Hebeis BJ, Klenovsek K, Rohwer P, Ritter U, Schneider A, Mach M, Winkler TH - J. Exp. Med. (2004)

Bottom Line: Antigenic stimulation 4-6 d after transfer of B cells resulted in rapid IgG production.Transfer of memory B cells into immunocompetent animals indicated that presence of helper T cells did not enhance the memory B cell response.Therefore, our results indicate that activation of virus-specific memory B cells to secrete IgG is independent of cognate or bystander T cell help.

View Article: PubMed Central - PubMed

Affiliation: Institute for Clinical and Molecular Virology, University of Erlangen-Nuremberg, D-91054 Erlangen, Germany.

ABSTRACT
Humoral immunity is maintained by long-lived plasma cells, constitutively secreting antibodies, and nonsecreting resting memory B cells that are rapidly reactivated upon antigen encounter. The activation requirements for resting memory B cells, particularly the role of T helper cells, are unclear. To analyze the activation of memory B cells, mice were immunized with human cytomegalovirus, a complex human herpesvirus, and tick-born encephalitis virus, and a simple flavivirus. B cell populations devoid of Ig-secreting plasma cells were adoptively transferred into T and B cell-deficient RAG-1-/- mice. Antigenic stimulation 4-6 d after transfer of B cells resulted in rapid IgG production. The response was long lasting and strictly antigen specific, excluding polyclonal B cell activation. CD4+ T cells were not involved since (a) further depletion of CD4+ T cells in the recipient mice did not alter the antibody response and (b) recipient mice contained no detectable CD4+ T cells 90 d posttransfer.

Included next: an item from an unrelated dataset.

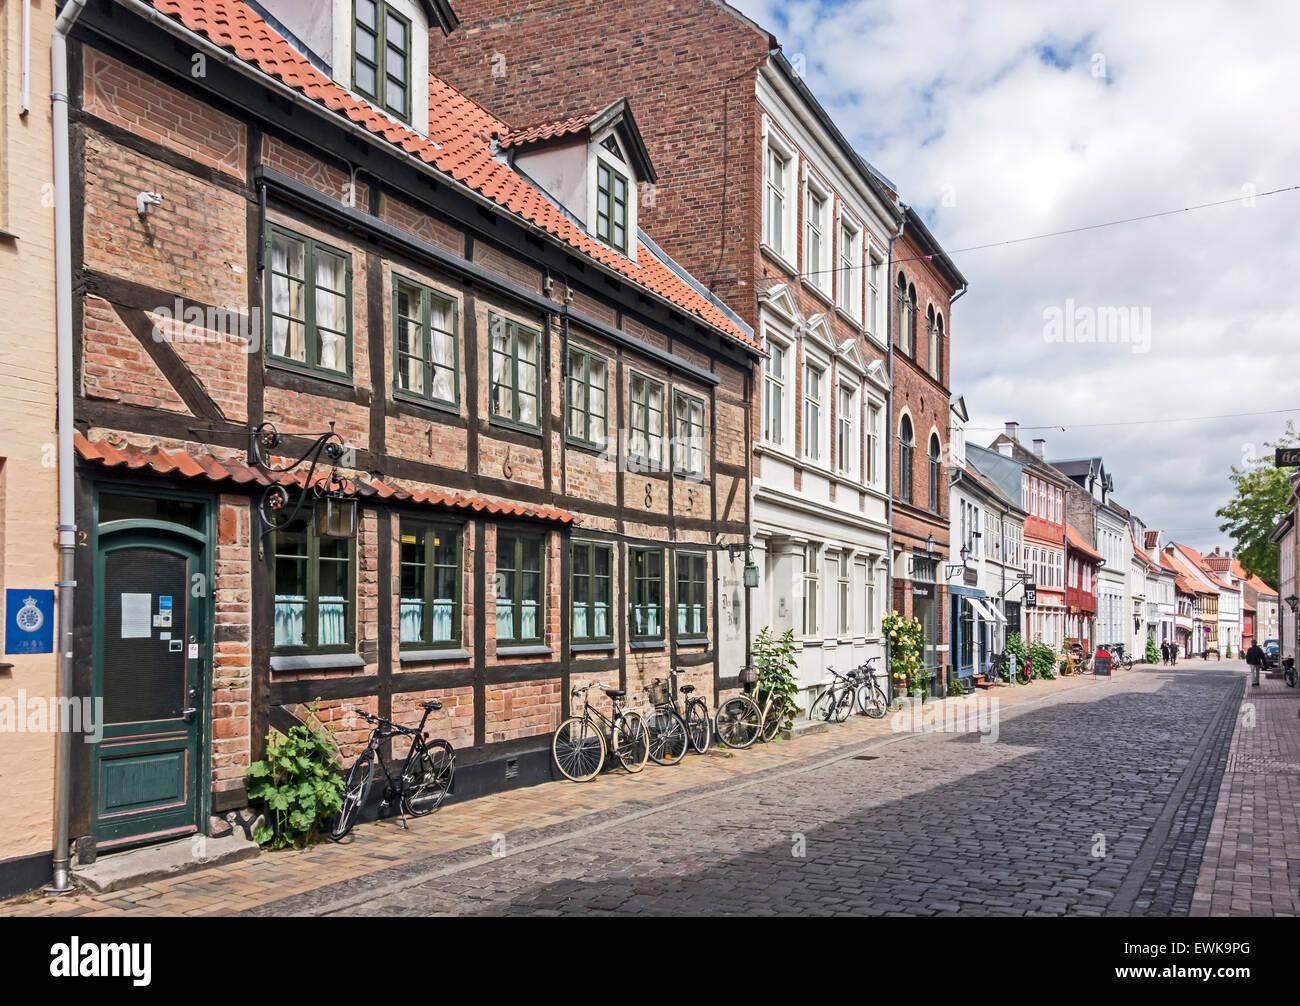 Nedergade in Odense Denmark Stock Photo: 84632648 - Alamy

Memory B cells could not be activated by a soluble viral protein without T cell help. Transfer of memory B cells into immunocompetent animals indicated that presence of helper T cells did not enhance the memory B cell response. Therefore, our results indicate that activation of virus-specific memory B cells to secrete IgG is independent of cognate or bystander T cell help.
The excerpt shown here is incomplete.